* [What the exercise asks] Search the entries below for "Tote", and copy each line where it appears.

* [Entries shown]

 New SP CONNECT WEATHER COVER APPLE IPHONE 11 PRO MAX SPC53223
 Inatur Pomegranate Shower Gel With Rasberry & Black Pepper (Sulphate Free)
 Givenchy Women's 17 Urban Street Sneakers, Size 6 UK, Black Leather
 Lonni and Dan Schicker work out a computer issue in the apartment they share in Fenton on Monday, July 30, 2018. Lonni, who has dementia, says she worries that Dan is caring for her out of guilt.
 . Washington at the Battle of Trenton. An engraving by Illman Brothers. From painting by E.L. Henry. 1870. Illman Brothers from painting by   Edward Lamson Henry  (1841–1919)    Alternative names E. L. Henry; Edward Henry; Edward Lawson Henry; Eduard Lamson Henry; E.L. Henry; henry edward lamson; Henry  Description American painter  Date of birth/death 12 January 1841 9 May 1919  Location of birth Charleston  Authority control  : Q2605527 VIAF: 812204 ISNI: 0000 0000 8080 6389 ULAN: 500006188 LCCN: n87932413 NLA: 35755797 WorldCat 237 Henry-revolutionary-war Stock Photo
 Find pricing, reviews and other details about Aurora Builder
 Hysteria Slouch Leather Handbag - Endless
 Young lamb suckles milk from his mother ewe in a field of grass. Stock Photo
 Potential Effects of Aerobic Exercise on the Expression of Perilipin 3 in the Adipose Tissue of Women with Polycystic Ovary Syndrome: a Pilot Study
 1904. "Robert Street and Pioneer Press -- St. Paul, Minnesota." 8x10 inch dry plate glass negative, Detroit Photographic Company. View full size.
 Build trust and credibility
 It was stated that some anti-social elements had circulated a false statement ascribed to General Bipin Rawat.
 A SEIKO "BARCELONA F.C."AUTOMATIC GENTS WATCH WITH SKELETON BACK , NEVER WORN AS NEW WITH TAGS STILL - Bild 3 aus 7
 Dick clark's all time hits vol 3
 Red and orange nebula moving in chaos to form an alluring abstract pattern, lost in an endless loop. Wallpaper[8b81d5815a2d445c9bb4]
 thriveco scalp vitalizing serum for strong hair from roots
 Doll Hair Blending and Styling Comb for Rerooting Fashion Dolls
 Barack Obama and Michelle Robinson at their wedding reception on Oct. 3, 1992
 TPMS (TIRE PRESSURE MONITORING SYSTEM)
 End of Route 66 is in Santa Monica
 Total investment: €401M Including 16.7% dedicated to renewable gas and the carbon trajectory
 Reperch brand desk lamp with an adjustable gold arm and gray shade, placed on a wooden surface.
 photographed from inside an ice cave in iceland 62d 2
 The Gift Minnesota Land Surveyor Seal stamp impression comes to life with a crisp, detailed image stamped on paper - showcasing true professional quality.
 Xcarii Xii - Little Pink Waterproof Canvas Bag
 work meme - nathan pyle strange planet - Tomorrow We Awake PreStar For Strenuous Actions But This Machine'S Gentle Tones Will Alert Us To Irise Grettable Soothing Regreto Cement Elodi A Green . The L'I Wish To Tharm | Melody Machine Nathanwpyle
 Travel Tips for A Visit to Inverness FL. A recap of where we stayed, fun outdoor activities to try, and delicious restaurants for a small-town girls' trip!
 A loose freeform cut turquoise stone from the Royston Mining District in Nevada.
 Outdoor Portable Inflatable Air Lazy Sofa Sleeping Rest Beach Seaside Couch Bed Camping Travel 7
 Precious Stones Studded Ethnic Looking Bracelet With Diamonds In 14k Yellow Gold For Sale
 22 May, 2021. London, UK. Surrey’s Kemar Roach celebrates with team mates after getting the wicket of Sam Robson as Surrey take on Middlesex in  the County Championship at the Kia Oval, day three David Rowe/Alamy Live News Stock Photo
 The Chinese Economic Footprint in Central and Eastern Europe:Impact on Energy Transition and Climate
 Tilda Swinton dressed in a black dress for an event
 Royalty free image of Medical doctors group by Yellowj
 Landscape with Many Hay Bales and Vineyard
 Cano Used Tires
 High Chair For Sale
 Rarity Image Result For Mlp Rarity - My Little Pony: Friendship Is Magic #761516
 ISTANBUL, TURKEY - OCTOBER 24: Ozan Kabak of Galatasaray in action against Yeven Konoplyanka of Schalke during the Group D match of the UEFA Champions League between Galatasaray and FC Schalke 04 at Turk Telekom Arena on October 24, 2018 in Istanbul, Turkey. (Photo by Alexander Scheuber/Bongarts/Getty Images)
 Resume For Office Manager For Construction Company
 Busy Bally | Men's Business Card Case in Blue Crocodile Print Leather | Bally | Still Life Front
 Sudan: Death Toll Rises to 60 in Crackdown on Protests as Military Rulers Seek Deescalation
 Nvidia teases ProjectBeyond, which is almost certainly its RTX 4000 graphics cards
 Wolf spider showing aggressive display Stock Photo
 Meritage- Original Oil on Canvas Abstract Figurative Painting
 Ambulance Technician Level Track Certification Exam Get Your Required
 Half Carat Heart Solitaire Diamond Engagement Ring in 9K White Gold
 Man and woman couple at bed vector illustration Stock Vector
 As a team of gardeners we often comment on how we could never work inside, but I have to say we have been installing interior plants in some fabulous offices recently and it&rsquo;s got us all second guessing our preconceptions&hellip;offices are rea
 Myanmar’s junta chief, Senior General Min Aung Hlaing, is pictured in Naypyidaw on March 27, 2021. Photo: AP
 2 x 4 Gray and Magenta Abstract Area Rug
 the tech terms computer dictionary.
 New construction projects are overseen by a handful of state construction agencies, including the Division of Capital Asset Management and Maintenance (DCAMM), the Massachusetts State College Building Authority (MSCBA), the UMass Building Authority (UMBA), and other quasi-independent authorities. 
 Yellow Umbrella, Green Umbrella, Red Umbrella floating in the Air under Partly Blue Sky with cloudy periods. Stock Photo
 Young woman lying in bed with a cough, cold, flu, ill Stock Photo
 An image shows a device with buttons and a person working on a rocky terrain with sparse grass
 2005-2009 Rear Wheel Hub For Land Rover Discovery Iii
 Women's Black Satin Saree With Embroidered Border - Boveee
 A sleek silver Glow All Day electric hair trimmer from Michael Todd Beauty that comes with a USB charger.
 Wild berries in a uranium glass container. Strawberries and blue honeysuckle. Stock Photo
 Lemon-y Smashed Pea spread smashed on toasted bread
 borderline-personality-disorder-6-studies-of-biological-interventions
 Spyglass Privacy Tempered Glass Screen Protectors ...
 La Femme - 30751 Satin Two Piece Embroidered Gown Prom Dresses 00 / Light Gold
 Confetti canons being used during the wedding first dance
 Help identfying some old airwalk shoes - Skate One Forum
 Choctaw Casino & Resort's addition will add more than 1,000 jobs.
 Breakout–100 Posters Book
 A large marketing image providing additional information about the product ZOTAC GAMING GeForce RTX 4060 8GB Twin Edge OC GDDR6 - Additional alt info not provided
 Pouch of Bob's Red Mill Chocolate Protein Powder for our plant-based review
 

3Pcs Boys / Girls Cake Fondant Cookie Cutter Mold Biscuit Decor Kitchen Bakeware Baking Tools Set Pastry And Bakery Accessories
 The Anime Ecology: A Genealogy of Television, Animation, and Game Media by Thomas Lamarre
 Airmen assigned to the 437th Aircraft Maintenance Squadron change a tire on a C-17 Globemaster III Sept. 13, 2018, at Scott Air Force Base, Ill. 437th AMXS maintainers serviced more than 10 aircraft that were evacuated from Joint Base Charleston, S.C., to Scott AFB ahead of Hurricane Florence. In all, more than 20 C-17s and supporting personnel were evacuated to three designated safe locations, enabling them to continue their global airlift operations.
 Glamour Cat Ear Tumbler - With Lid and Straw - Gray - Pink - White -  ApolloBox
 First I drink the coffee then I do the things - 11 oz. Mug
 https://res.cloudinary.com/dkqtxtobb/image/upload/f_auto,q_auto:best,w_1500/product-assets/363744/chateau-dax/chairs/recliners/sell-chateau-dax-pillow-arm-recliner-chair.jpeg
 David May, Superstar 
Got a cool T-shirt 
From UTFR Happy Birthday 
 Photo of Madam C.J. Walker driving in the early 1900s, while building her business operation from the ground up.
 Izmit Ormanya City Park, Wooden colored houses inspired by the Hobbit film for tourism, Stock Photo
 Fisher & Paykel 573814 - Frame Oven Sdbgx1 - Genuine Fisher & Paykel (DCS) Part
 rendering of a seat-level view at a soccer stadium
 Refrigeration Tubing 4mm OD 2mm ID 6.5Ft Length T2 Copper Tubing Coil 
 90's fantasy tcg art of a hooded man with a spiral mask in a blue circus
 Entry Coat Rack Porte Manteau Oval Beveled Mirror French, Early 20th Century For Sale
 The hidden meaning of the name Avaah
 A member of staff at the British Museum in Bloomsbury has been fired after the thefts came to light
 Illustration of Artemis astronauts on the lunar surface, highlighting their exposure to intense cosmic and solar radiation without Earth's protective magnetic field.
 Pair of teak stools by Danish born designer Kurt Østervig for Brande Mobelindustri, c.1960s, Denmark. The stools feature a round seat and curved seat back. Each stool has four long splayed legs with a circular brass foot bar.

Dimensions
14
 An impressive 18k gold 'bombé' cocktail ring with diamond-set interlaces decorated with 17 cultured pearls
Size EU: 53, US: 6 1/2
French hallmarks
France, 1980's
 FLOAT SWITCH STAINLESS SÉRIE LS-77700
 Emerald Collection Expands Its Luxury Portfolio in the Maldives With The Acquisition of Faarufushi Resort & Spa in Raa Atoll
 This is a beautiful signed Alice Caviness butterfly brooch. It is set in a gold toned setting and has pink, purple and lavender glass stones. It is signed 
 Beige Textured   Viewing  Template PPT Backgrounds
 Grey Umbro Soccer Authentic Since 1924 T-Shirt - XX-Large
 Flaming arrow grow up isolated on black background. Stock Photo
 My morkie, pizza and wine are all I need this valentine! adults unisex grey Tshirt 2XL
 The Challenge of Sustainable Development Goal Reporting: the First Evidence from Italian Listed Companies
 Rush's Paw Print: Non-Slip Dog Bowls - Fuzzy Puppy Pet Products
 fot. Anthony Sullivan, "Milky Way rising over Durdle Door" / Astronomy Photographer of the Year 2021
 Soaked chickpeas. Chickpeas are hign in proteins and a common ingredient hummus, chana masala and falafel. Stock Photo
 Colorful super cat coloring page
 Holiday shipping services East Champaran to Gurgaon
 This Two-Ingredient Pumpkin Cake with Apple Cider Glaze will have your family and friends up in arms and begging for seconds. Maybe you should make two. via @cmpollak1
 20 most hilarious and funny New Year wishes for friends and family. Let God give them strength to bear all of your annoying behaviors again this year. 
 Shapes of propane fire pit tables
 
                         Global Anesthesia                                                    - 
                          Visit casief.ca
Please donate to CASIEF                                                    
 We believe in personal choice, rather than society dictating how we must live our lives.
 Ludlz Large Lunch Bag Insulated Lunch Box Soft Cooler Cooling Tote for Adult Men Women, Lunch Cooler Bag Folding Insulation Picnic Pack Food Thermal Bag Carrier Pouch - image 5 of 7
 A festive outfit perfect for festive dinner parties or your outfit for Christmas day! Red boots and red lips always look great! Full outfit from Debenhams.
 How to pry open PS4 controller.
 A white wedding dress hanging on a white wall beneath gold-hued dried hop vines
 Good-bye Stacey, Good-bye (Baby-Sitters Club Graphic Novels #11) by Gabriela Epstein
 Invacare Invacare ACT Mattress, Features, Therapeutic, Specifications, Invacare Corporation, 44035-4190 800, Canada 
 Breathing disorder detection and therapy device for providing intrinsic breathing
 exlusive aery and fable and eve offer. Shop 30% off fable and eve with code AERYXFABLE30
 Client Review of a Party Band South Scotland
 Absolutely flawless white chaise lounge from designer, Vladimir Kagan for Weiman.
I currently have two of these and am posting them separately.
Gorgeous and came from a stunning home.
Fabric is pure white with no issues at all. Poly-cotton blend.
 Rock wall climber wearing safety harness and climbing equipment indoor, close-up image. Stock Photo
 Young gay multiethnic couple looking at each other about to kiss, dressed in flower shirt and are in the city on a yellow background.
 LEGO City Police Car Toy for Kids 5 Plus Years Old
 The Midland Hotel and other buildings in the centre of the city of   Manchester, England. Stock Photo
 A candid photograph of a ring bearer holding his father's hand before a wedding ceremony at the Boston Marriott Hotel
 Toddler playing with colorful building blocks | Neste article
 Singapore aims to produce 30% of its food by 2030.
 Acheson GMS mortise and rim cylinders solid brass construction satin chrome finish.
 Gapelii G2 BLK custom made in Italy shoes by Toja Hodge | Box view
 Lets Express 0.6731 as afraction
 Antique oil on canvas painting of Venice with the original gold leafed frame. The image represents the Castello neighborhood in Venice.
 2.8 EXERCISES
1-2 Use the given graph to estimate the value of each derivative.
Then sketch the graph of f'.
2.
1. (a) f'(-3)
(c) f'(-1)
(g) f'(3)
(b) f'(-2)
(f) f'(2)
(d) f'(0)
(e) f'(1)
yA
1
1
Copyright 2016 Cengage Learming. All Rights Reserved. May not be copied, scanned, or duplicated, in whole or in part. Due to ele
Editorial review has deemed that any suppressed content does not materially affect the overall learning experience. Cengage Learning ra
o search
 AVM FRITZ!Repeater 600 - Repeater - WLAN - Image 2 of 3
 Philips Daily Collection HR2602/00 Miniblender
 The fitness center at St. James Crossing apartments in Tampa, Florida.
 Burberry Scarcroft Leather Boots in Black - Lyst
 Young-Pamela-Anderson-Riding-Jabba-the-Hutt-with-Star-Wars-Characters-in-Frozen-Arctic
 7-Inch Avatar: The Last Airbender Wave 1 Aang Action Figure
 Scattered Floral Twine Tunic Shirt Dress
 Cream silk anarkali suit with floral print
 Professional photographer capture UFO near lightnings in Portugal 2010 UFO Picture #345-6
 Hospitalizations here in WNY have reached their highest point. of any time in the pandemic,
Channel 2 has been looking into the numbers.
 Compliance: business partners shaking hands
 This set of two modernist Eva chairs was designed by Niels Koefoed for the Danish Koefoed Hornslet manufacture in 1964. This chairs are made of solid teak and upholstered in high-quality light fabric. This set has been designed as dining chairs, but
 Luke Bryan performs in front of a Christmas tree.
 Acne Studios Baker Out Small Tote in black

* [Solution for this exercise]
 Ludlz Large Lunch Bag Insulated Lunch Box Soft Cooler Cooling Tote for Adult Men Women, Lunch Cooler Bag Folding Insulation Picnic Pack Food Thermal Bag Carrier Pouch - image 5 of 7
 Acne Studios Baker Out Small Tote in black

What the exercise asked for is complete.